Finding the voltage when the electric charge and capacitance are known is fundamental in electronics. The relationship between these quantities can be determined using a specific formula and algebraic manipulation.
The Formula: \( C = \dfrac{Q}{V} \)
To find the voltage, we rearrange the formula as follows:
\[ V = \dfrac{Q}{C} \]
Where:
- \( C \) is the capacitance (measured in farads, F)
- \( Q \) is the electric charge (measured in coulombs, C)

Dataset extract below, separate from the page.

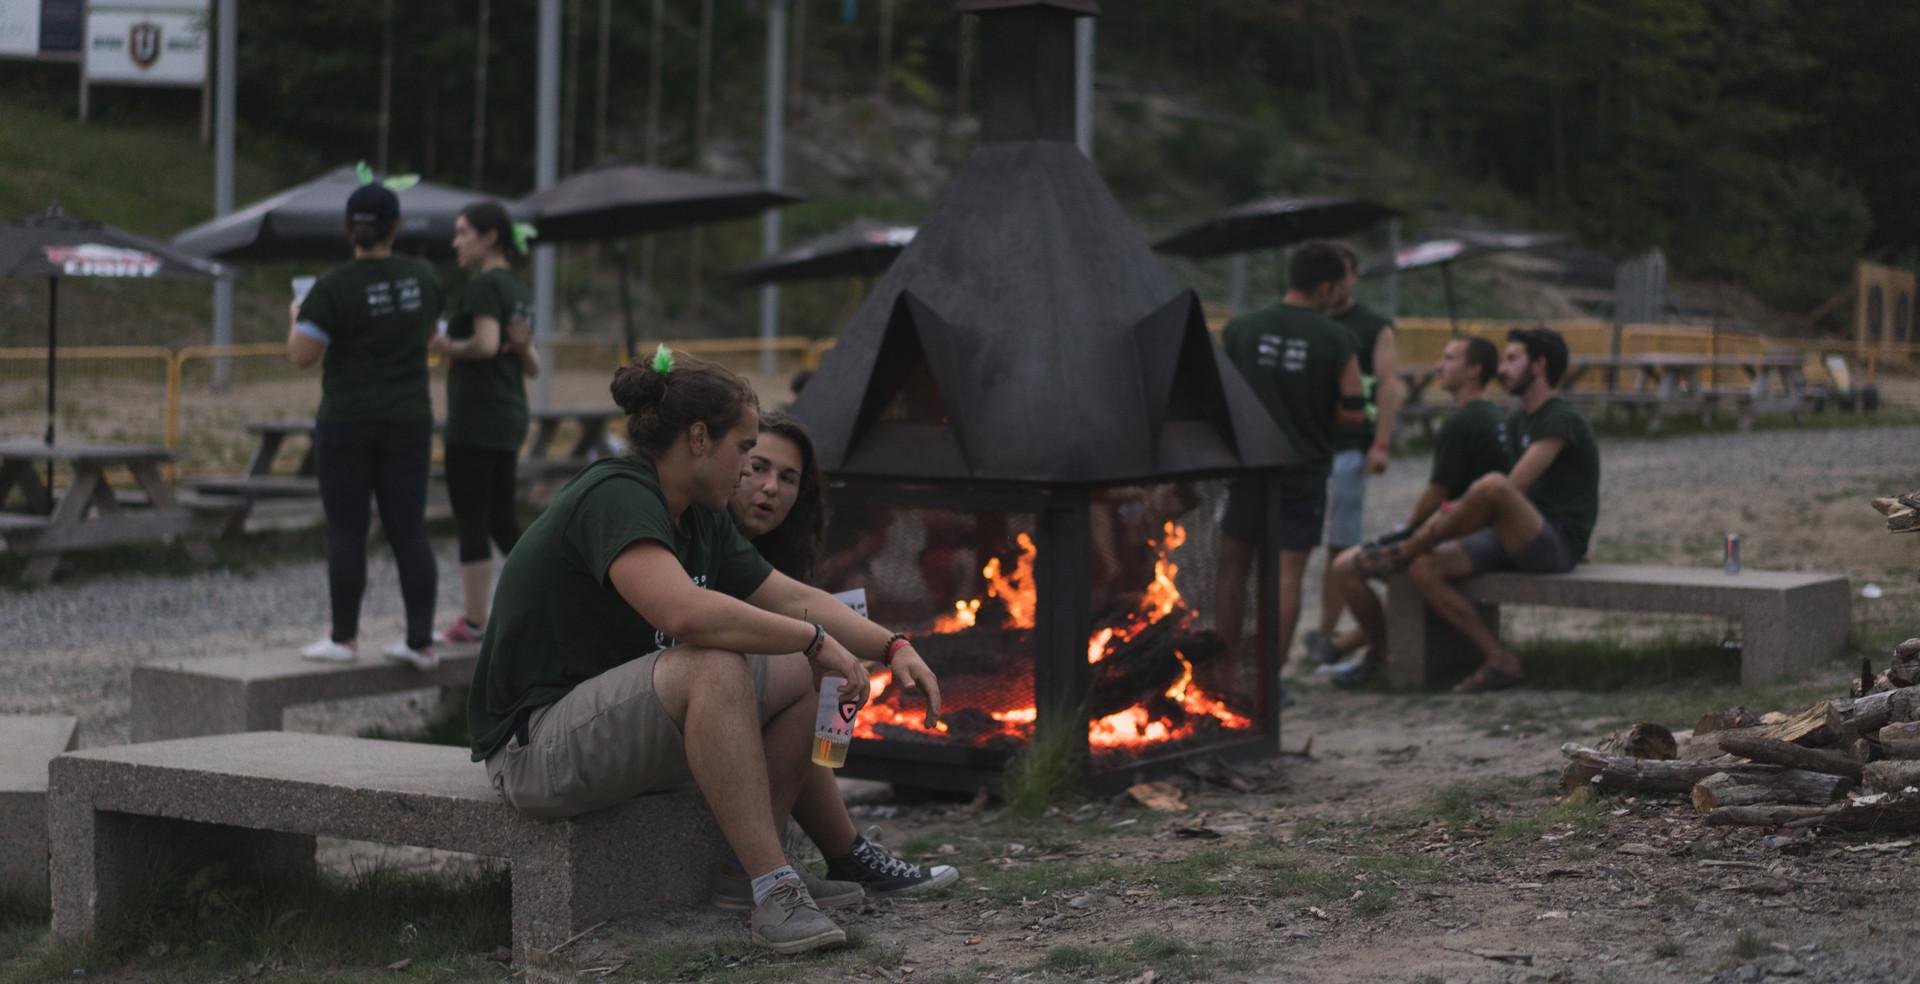 GROUPES UNIVERSITAIRES 45 DEGRÉS NORD

- \( V \) is the voltage (measured in volts, V)
Example 1: Voltage in a Camera Flash
Question: A camera flash has a capacitance of 200 microfarads (μF) and stores an electric charge of 0.04 coulombs. What is the operating voltage?
Calculation:
Given:
- \( C = 200 \times 10^{-6} \) F
- \( Q = 0.04 \) C
Using the formula:
\[ V = \dfrac{Q}{C} = \dfrac{0.04}{200 \times 10^{-6}} = 200 \, \text{V} \]
Result: The operating voltage of the camera flash is 200 volts.
Example 2: Voltage in a Defibrillator Capacitor
Question: A defibrillator capacitor has a capacitance of 100 microfarads (μF) and stores 0.05 coulombs of charge. What is the voltage across the capacitor?
Calculation:
Given:
- \( C = 100 \times 10^{-6} \) F
- \( Q = 0.05 \) C
Using the formula:
\[ V = \dfrac{Q}{C} = \dfrac{0.05}{100 \times 10^{-6}} = 500 \, \text{V} \]
Result: The voltage across the defibrillator capacitor is 500 volts.
Example 3: Voltage in a Tuning Circuit Capacitor
Question: A tuning circuit capacitor with a capacitance of 300 picofarads (pF) stores 3 nanocoulombs (nC) of charge. What is the voltage?
Calculation:
Given:
- \( C = 300 \times 10^{-12} \) F
- \( Q = 3 \times 10^{-9} \) C
Using the formula:
\[ V = \dfrac{Q}{C} = \dfrac{3 \times 10^{-9}}{300 \times 10^{-12}} = 10 \, \text{V} \]
Result: The voltage in the tuning circuit capacitor is 10 volts.